ACTIVITY =>
Each entry must appear again exactly as it does in the source.

Stored items =>
%%

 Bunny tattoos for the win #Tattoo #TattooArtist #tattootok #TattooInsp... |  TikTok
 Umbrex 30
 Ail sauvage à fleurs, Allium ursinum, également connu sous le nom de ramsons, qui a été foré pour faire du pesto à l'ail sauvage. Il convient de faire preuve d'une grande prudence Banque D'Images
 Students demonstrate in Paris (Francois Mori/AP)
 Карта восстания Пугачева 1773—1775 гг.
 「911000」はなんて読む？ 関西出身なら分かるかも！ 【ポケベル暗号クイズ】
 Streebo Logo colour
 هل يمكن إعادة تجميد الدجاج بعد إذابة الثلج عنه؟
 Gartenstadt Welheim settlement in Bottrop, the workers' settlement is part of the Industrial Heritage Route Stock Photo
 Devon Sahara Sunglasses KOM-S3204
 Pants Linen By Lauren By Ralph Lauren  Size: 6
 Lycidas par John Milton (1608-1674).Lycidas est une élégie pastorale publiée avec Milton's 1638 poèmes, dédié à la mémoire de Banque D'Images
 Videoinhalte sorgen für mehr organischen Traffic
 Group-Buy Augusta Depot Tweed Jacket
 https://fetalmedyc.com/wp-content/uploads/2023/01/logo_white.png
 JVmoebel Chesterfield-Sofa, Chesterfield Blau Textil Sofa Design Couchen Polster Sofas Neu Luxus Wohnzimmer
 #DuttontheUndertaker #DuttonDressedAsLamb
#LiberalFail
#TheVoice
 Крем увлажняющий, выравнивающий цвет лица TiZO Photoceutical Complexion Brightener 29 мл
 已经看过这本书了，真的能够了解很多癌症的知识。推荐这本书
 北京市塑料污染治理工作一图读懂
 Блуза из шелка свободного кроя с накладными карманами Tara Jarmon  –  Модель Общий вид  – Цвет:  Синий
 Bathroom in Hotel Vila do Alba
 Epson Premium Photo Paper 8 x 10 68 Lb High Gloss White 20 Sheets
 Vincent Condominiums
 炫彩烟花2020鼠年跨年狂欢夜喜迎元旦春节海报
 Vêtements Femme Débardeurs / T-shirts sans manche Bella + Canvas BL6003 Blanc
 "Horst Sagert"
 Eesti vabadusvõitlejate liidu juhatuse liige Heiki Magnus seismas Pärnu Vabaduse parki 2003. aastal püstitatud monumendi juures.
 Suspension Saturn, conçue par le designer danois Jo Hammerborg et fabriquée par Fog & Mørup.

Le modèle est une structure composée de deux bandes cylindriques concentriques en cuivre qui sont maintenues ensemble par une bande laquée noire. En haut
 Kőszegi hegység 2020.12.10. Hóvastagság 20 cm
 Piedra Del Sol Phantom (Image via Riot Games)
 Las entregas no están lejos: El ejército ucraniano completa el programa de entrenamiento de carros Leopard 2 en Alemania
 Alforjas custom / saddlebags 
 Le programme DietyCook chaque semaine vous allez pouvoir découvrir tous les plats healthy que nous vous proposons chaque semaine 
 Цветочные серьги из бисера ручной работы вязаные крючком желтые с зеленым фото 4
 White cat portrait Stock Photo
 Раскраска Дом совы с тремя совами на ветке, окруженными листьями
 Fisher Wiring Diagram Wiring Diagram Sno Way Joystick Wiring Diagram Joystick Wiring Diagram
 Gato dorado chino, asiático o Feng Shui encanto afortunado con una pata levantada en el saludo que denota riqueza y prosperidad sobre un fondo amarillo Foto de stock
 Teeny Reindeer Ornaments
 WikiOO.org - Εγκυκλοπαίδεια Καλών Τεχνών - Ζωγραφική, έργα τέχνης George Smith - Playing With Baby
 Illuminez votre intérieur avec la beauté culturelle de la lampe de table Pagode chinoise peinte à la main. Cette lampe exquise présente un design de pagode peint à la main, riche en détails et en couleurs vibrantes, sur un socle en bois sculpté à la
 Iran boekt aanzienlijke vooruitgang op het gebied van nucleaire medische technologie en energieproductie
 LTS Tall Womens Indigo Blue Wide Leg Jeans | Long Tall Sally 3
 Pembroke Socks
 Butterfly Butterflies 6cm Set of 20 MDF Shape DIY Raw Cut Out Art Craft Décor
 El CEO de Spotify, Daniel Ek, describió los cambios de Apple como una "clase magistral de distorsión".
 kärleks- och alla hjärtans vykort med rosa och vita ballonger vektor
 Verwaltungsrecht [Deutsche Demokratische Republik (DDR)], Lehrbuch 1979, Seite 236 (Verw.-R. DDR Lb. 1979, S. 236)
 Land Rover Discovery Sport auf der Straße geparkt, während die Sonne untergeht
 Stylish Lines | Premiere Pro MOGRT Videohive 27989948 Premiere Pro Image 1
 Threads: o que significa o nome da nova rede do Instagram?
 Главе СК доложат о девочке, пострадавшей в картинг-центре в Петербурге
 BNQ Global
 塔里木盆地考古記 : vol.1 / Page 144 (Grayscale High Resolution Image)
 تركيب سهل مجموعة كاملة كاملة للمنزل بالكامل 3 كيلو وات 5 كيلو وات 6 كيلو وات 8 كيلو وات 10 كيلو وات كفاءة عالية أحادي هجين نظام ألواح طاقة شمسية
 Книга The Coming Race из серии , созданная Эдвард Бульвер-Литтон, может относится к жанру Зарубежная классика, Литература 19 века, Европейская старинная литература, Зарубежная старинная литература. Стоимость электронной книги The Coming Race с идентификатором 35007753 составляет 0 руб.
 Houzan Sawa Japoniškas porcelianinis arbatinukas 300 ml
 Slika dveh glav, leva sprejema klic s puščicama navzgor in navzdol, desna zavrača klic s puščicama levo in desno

%%

RESPONSE TO THIS EXERCISE =>
 Bunny tattoos for the win #Tattoo #TattooArtist #tattootok #TattooInsp... |  TikTok
 Umbrex 30
 Ail sauvage à fleurs, Allium ursinum, également connu sous le nom de ramsons, qui a été foré pour faire du pesto à l'ail sauvage. Il convient de faire preuve d'une grande prudence Banque D'Images
 Students demonstrate in Paris (Francois Mori/AP)
 Карта восстания Пугачева 1773—1775 гг.
 「911000」はなんて読む？ 関西出身なら分かるかも！ 【ポケベル暗号クイズ】
 Streebo Logo colour
 هل يمكن إعادة تجميد الدجاج بعد إذابة الثلج عنه؟
 Gartenstadt Welheim settlement in Bottrop, the workers' settlement is part of the Industrial Heritage Route Stock Photo
 Devon Sahara Sunglasses KOM-S3204
 Pants Linen By Lauren By Ralph Lauren  Size: 6
 Lycidas par John Milton (1608-1674).Lycidas est une élégie pastorale publiée avec Milton's 1638 poèmes, dédié à la mémoire de Banque D'Images
 Videoinhalte sorgen für mehr organischen Traffic
 Group-Buy Augusta Depot Tweed Jacket
 https://fetalmedyc.com/wp-content/uploads/2023/01/logo_white.png
 JVmoebel Chesterfield-Sofa, Chesterfield Blau Textil Sofa Design Couchen Polster Sofas Neu Luxus Wohnzimmer
 #DuttontheUndertaker #DuttonDressedAsLamb
#LiberalFail
#TheVoice
 Крем увлажняющий, выравнивающий цвет лица TiZO Photoceutical Complexion Brightener 29 мл
 已经看过这本书了，真的能够了解很多癌症的知识。推荐这本书
 北京市塑料污染治理工作一图读懂
 Блуза из шелка свободного кроя с накладными карманами Tara Jarmon  –  Модель Общий вид  – Цвет:  Синий
 Bathroom in Hotel Vila do Alba
 Epson Premium Photo Paper 8 x 10 68 Lb High Gloss White 20 Sheets
 Vincent Condominiums
 炫彩烟花2020鼠年跨年狂欢夜喜迎元旦春节海报
 Vêtements Femme Débardeurs / T-shirts sans manche Bella + Canvas BL6003 Blanc
 "Horst Sagert"
 Eesti vabadusvõitlejate liidu juhatuse liige Heiki Magnus seismas Pärnu Vabaduse parki 2003. aastal püstitatud monumendi juures.
 Suspension Saturn, conçue par le designer danois Jo Hammerborg et fabriquée par Fog & Mørup.

Le modèle est une structure composée de deux bandes cylindriques concentriques en cuivre qui sont maintenues ensemble par une bande laquée noire. En haut
 Kőszegi hegység 2020.12.10. Hóvastagság 20 cm
 Piedra Del Sol Phantom (Image via Riot Games)
 Las entregas no están lejos: El ejército ucraniano completa el programa de entrenamiento de carros Leopard 2 en Alemania
 Alforjas custom / saddlebags 
 Le programme DietyCook chaque semaine vous allez pouvoir découvrir tous les plats healthy que nous vous proposons chaque semaine 
 Цветочные серьги из бисера ручной работы вязаные крючком желтые с зеленым фото 4
 White cat portrait Stock Photo
 Раскраска Дом совы с тремя совами на ветке, окруженными листьями
 Fisher Wiring Diagram Wiring Diagram Sno Way Joystick Wiring Diagram Joystick Wiring Diagram
 Gato dorado chino, asiático o Feng Shui encanto afortunado con una pata levantada en el saludo que denota riqueza y prosperidad sobre un fondo amarillo Foto de stock
 Teeny Reindeer Ornaments
 WikiOO.org - Εγκυκλοπαίδεια Καλών Τεχνών - Ζωγραφική, έργα τέχνης George Smith - Playing With Baby
 Illuminez votre intérieur avec la beauté culturelle de la lampe de table Pagode chinoise peinte à la main. Cette lampe exquise présente un design de pagode peint à la main, riche en détails et en couleurs vibrantes, sur un socle en bois sculpté à la
 Iran boekt aanzienlijke vooruitgang op het gebied van nucleaire medische technologie en energieproductie
 LTS Tall Womens Indigo Blue Wide Leg Jeans | Long Tall Sally 3
 Pembroke Socks
 Butterfly Butterflies 6cm Set of 20 MDF Shape DIY Raw Cut Out Art Craft Décor
 El CEO de Spotify, Daniel Ek, describió los cambios de Apple como una "clase magistral de distorsión".
 kärleks- och alla hjärtans vykort med rosa och vita ballonger vektor
 Verwaltungsrecht [Deutsche Demokratische Republik (DDR)], Lehrbuch 1979, Seite 236 (Verw.-R. DDR Lb. 1979, S. 236)
 Land Rover Discovery Sport auf der Straße geparkt, während die Sonne untergeht
 Stylish Lines | Premiere Pro MOGRT Videohive 27989948 Premiere Pro Image 1
 Threads: o que significa o nome da nova rede do Instagram?
 Главе СК доложат о девочке, пострадавшей в картинг-центре в Петербурге
 BNQ Global
 塔里木盆地考古記 : vol.1 / Page 144 (Grayscale High Resolution Image)
 تركيب سهل مجموعة كاملة كاملة للمنزل بالكامل 3 كيلو وات 5 كيلو وات 6 كيلو وات 8 كيلو وات 10 كيلو وات كفاءة عالية أحادي هجين نظام ألواح طاقة شمسية
 Книга The Coming Race из серии , созданная Эдвард Бульвер-Литтон, может относится к жанру Зарубежная классика, Литература 19 века, Европейская старинная литература, Зарубежная старинная литература. Стоимость электронной книги The Coming Race с идентификатором 35007753 составляет 0 руб.
 Houzan Sawa Japoniškas porcelianinis arbatinukas 300 ml
 Slika dveh glav, leva sprejema klic s puščicama navzgor in navzdol, desna zavrača klic s puščicama levo in desno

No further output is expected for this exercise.